__What is needed__:
Restate each line of the listing exactly, without carrying over any pictures.

__The data__:
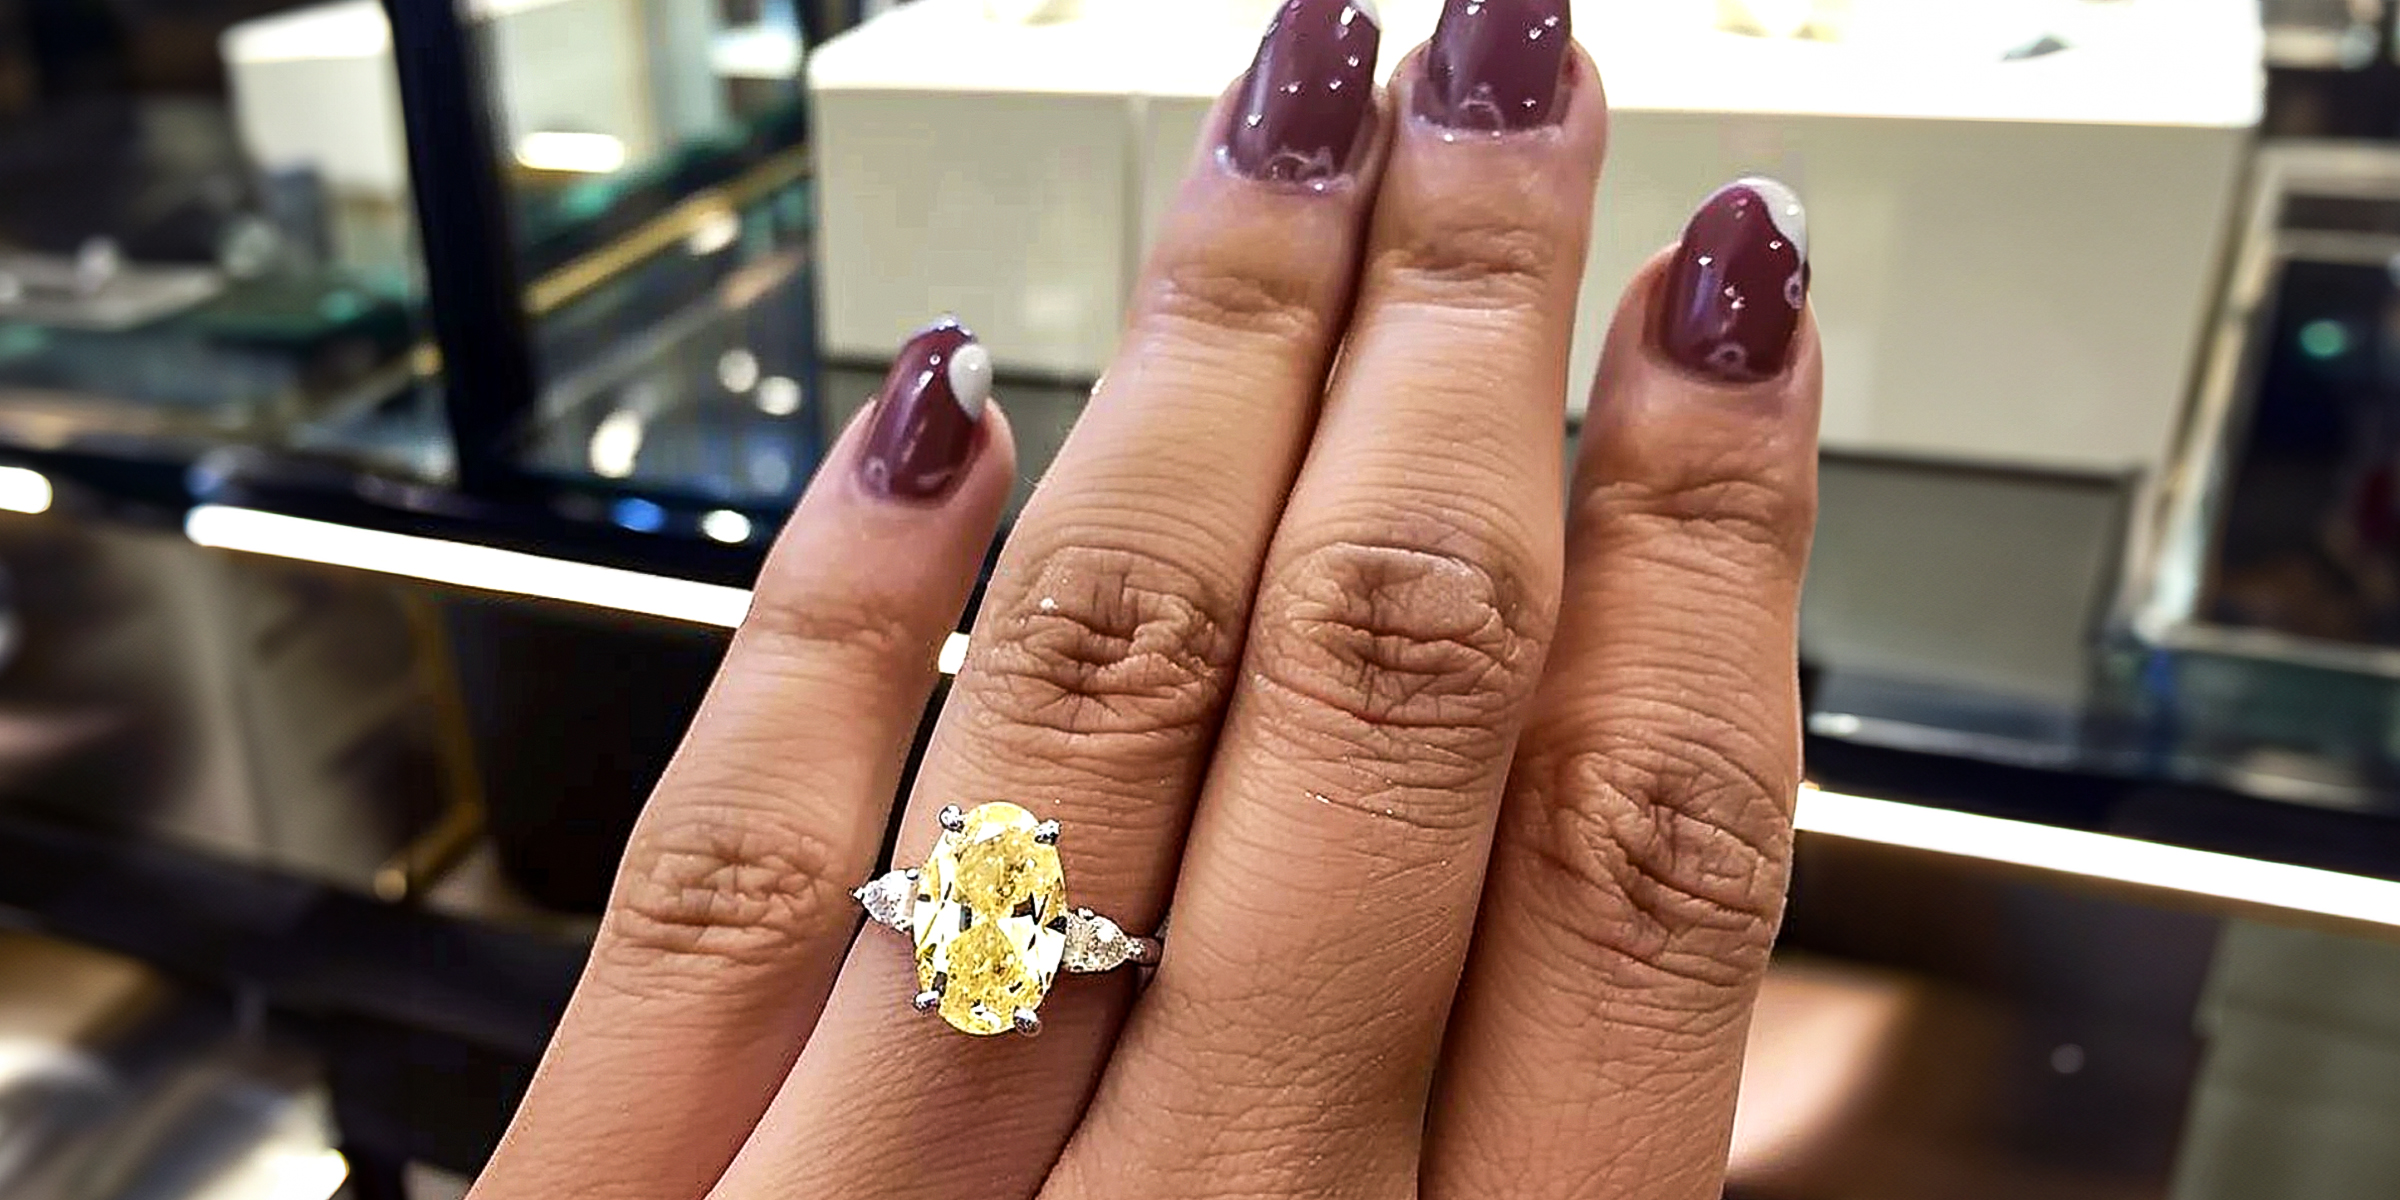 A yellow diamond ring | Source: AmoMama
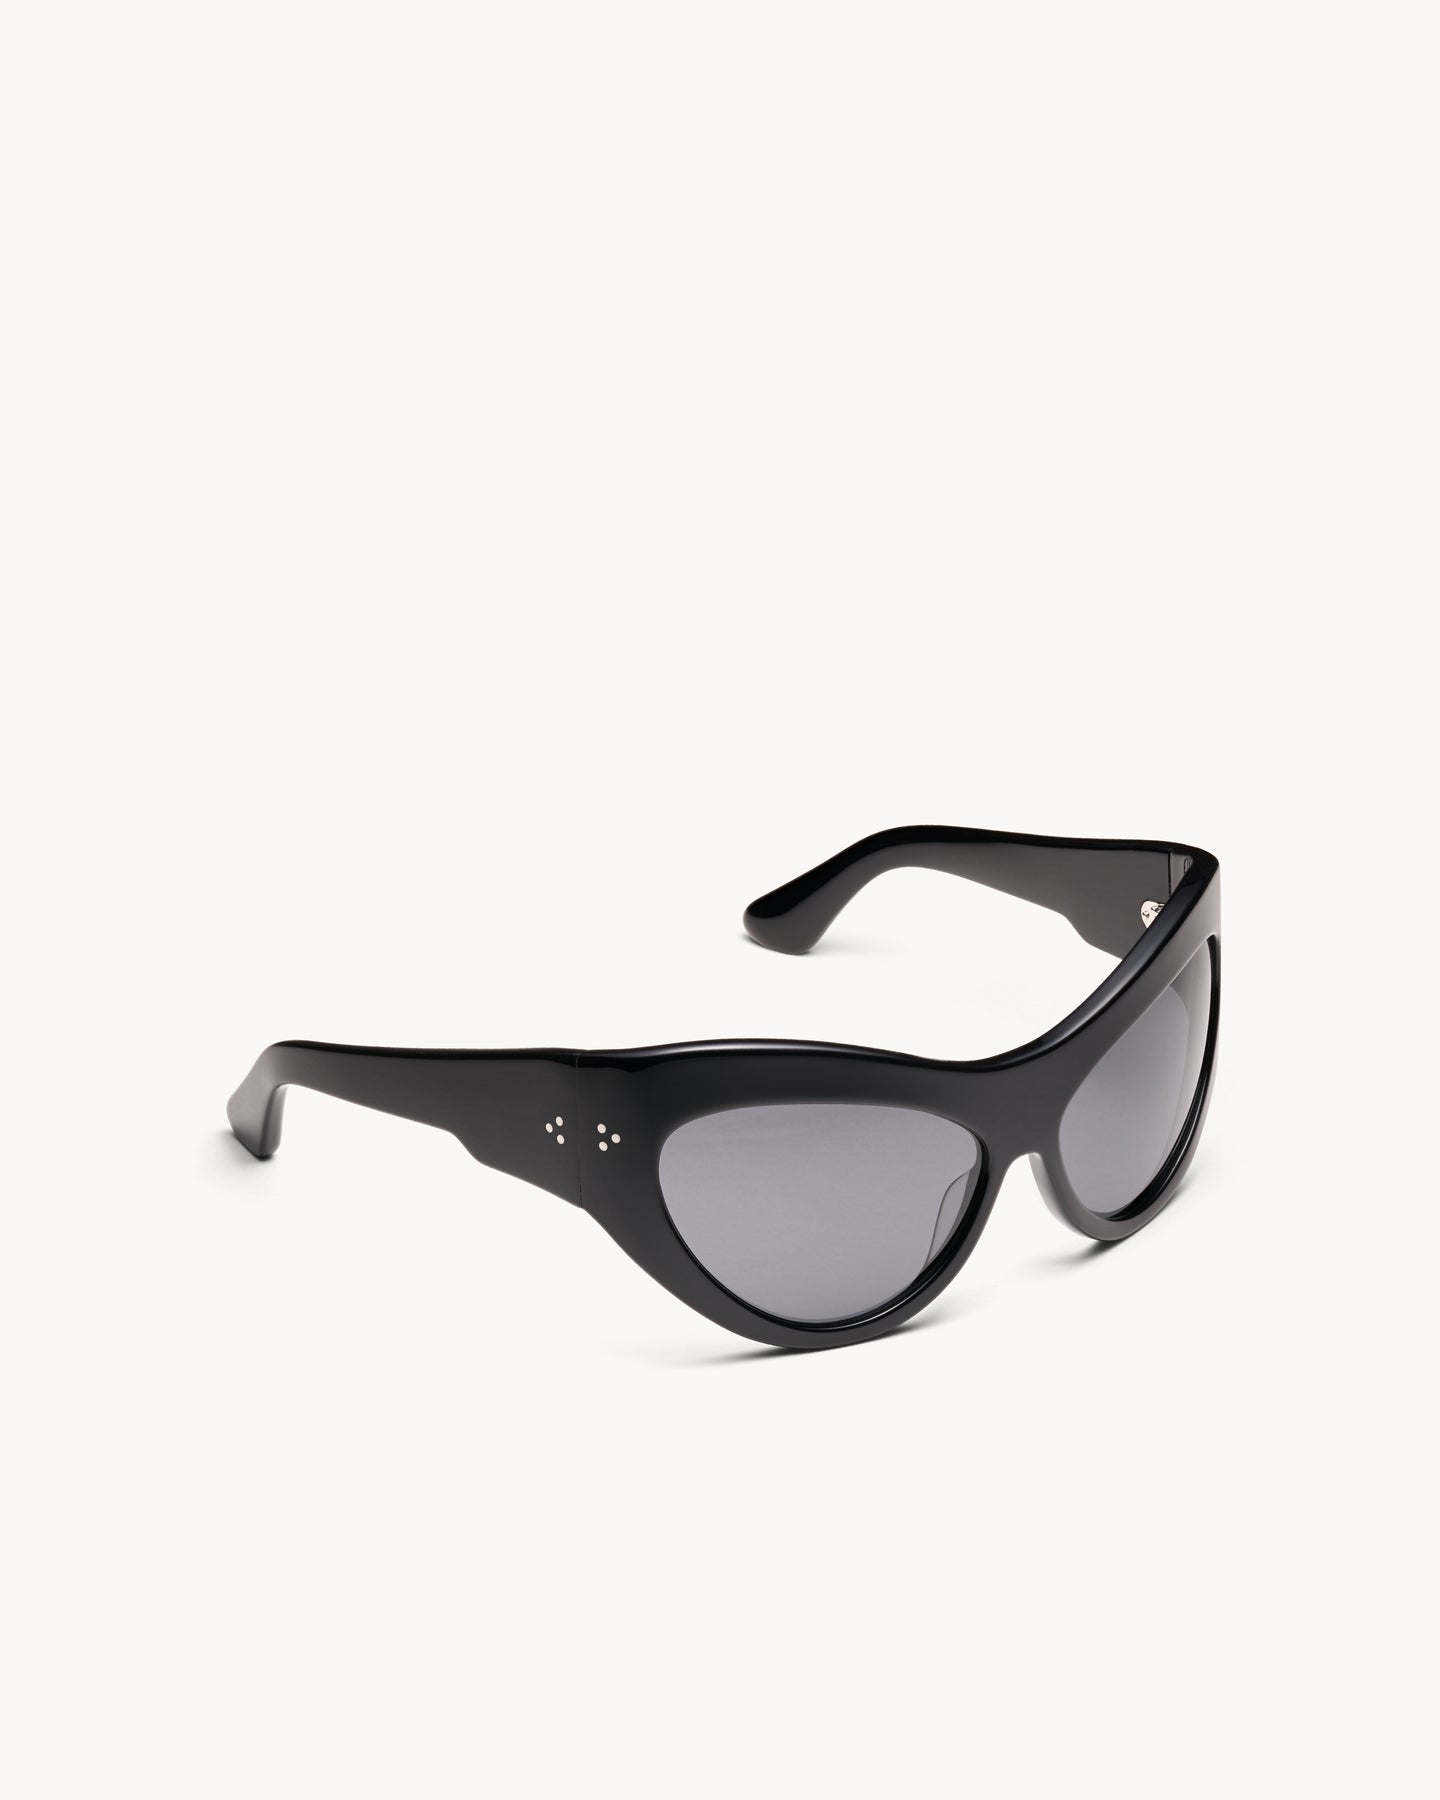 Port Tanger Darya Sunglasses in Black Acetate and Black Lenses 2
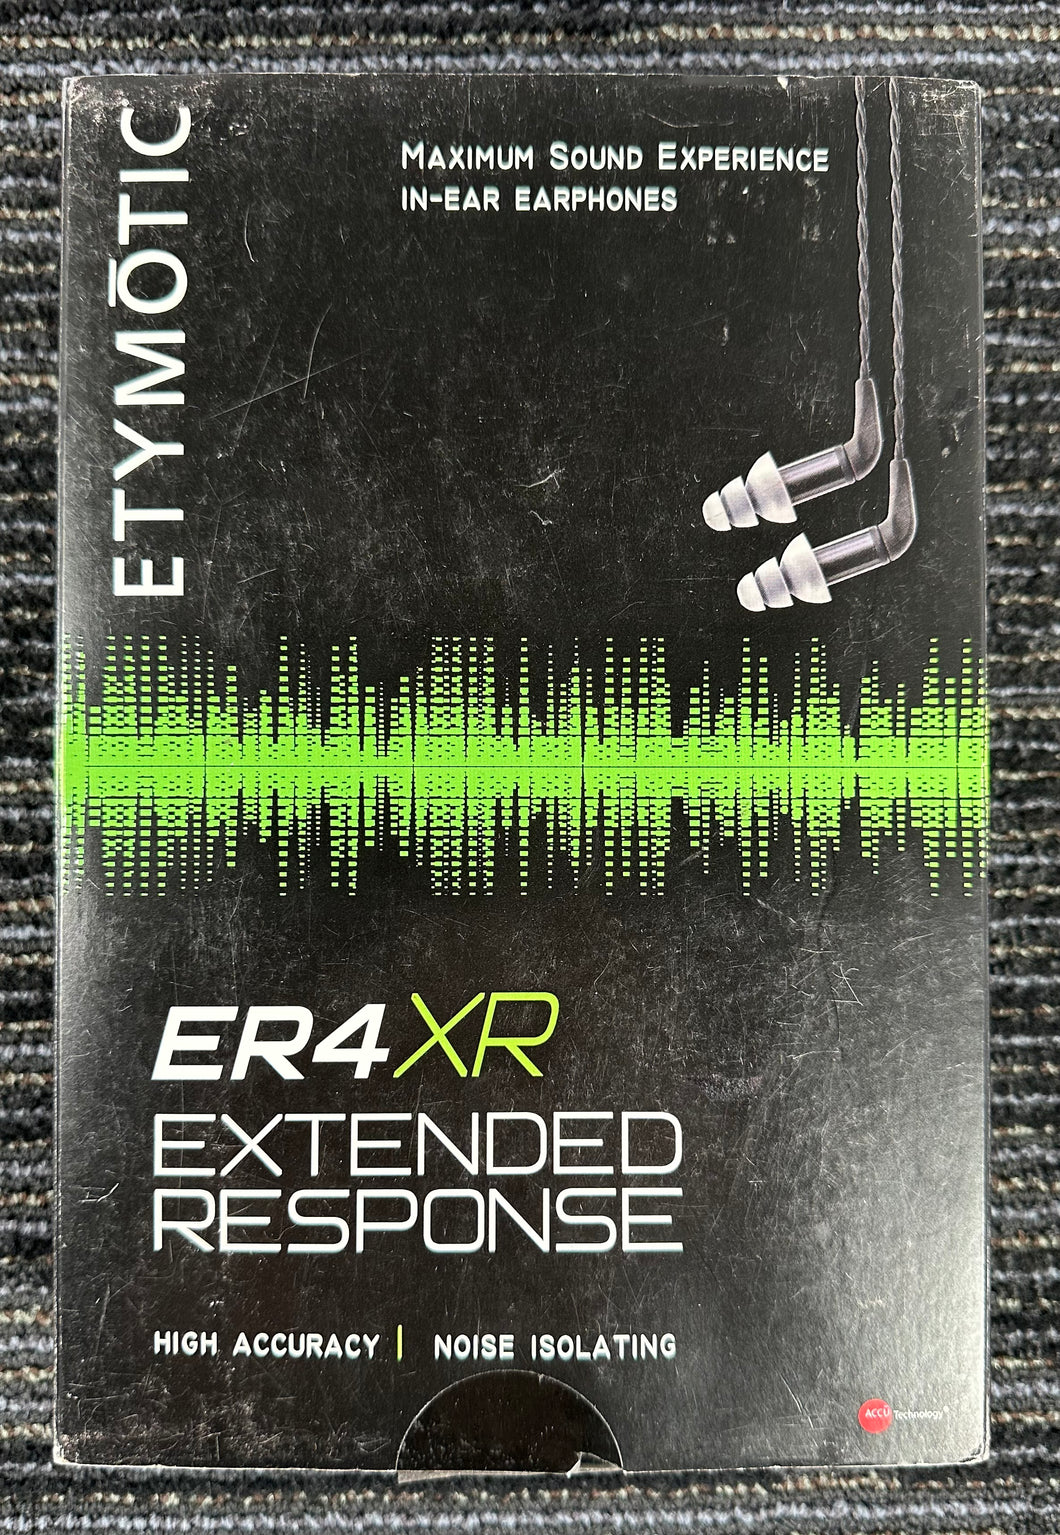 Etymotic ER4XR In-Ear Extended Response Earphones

__Answer section__:
 A yellow diamond ring | Source: AmoMama
 Port Tanger Darya Sunglasses in Black Acetate and Black Lenses 2
 Etymotic ER4XR In-Ear Extended Response Earphones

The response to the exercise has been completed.